## PROBLEM TO WORK ON
Copy out the line that contains "Happy group of teenage girls Stock Photo" and the lines after it through the final one in the entries below, exactly, with no other lines.

______________________________

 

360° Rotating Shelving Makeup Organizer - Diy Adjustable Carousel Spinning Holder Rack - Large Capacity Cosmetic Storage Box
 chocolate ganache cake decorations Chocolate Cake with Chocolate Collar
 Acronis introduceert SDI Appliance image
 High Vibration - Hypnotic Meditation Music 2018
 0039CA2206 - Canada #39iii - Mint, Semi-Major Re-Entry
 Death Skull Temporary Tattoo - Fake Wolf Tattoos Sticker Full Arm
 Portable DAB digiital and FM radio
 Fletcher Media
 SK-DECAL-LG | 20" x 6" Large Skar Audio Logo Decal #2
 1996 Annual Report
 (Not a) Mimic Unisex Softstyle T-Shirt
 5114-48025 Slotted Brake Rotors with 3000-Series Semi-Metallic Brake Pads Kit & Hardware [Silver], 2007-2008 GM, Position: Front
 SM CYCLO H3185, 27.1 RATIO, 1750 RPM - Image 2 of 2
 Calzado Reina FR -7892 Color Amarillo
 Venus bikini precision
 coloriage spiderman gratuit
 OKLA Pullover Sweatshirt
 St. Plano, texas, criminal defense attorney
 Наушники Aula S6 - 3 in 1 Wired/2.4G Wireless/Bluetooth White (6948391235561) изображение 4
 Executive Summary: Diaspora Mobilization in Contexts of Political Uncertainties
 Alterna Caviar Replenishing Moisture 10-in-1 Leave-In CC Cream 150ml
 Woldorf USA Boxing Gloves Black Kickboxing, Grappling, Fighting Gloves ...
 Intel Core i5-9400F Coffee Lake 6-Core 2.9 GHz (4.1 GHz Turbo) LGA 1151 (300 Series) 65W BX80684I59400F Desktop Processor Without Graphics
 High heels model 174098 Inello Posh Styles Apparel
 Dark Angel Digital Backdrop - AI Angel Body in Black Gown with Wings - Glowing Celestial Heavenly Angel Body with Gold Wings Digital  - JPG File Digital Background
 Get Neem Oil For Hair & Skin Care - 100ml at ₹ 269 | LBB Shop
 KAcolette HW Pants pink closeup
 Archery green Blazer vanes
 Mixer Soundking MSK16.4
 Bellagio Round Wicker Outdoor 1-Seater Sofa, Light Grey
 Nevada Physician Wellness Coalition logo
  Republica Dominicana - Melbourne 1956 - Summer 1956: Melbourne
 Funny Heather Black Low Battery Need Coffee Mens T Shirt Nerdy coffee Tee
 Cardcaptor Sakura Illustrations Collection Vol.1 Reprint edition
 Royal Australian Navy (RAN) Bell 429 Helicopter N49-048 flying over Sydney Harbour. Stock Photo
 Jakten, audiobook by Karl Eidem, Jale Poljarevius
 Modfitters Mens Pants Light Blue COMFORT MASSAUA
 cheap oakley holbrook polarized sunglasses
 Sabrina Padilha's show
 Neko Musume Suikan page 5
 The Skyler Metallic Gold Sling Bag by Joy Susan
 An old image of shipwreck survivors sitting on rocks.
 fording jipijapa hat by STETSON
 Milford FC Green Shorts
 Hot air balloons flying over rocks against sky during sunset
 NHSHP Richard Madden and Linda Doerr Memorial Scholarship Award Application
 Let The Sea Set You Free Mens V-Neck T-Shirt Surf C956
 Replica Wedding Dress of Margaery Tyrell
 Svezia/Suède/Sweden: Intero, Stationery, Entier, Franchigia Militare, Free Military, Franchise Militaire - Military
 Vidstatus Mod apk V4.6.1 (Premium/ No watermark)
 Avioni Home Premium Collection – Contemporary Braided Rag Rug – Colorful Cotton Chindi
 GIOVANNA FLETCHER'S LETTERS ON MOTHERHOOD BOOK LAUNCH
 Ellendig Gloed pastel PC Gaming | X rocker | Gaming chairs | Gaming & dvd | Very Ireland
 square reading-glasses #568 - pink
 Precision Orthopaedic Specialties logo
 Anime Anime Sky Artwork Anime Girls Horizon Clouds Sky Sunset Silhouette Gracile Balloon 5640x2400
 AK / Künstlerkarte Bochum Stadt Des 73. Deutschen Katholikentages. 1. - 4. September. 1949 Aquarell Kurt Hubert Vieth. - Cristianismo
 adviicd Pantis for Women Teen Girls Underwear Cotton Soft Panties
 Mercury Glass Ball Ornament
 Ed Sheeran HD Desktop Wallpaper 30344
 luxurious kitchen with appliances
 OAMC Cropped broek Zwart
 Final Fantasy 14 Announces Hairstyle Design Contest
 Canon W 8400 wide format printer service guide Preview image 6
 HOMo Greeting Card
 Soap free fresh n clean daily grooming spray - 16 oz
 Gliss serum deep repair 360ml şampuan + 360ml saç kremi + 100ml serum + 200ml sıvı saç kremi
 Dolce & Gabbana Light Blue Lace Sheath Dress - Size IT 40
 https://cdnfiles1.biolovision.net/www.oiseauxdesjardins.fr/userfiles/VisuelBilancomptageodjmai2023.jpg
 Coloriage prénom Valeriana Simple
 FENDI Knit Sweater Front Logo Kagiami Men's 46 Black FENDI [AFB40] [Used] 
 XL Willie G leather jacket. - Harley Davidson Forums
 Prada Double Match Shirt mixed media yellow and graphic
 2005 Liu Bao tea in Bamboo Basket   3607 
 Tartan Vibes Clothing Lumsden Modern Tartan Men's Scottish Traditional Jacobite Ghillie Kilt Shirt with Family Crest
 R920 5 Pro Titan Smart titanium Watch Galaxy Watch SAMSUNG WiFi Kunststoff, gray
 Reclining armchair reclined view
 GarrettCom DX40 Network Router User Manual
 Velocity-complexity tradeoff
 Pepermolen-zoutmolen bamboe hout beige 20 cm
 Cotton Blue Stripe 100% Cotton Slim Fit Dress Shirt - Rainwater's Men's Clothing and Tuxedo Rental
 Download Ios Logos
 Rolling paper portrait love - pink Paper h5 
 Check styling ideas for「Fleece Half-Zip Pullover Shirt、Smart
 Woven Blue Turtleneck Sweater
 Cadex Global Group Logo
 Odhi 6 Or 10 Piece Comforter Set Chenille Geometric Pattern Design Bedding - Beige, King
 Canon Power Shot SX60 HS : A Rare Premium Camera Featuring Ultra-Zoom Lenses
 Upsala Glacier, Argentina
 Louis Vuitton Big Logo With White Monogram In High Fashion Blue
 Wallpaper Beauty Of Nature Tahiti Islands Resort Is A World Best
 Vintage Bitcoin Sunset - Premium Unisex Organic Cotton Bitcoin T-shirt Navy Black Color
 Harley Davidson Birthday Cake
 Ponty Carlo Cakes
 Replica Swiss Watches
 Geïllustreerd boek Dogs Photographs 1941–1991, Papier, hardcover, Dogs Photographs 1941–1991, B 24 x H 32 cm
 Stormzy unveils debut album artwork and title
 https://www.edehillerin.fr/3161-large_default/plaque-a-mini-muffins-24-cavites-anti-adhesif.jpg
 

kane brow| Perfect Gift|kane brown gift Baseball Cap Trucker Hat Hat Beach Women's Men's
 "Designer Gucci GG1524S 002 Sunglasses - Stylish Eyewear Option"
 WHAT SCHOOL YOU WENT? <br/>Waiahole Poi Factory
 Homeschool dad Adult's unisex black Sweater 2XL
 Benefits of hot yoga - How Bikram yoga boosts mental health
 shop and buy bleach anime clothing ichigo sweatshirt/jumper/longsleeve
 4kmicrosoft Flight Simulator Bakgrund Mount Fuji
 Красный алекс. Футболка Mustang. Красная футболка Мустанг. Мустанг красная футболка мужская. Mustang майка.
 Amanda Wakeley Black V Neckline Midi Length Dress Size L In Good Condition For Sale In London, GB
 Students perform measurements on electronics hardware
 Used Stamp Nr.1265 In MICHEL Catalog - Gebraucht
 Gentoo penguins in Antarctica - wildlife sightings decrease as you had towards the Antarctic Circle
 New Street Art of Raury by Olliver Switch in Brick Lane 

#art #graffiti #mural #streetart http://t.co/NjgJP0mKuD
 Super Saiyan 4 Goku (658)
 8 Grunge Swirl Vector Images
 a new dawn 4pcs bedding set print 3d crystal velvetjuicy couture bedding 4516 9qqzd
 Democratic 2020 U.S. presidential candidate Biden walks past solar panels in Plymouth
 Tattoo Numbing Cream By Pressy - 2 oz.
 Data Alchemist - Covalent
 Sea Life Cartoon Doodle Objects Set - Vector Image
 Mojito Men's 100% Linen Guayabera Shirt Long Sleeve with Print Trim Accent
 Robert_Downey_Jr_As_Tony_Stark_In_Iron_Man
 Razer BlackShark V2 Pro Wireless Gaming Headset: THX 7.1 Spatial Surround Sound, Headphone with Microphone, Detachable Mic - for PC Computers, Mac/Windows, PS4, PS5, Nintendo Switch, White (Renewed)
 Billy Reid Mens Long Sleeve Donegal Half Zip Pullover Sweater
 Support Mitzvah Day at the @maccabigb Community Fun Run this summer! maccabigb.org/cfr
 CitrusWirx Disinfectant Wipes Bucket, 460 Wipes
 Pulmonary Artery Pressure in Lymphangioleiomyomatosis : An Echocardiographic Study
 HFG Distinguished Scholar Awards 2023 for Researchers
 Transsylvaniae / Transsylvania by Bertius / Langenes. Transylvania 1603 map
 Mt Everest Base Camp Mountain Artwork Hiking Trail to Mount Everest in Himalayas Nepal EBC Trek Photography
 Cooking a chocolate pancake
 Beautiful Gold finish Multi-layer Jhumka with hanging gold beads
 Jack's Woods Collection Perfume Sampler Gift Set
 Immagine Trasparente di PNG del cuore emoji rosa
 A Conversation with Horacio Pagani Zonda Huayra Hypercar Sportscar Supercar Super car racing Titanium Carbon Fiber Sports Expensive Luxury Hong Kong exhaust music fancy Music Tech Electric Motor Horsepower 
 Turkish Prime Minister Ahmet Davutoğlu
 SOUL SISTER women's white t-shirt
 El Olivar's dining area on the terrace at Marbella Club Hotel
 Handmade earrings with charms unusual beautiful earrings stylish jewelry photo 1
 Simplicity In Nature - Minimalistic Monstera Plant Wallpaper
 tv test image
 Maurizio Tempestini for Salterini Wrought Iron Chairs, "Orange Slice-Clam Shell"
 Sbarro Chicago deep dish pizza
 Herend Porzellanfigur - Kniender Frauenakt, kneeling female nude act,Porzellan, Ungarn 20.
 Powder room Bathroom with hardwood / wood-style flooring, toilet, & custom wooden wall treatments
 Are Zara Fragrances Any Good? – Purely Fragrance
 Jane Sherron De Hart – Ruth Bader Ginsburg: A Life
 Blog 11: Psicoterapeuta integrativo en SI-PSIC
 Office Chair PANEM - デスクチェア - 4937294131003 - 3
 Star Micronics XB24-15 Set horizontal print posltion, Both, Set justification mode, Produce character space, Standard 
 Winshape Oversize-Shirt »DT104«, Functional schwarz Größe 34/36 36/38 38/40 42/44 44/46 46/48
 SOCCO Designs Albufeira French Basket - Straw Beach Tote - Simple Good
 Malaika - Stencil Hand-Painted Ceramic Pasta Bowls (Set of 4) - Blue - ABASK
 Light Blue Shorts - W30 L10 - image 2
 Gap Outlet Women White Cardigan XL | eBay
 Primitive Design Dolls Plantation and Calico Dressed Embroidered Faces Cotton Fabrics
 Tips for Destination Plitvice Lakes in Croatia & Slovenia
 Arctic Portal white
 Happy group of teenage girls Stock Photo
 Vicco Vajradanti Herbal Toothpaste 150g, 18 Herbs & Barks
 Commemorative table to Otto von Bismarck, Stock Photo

______________________________

## RESULT BELOW
 Happy group of teenage girls Stock Photo
 Vicco Vajradanti Herbal Toothpaste 150g, 18 Herbs & Barks
 Commemorative table to Otto von Bismarck, Stock Photo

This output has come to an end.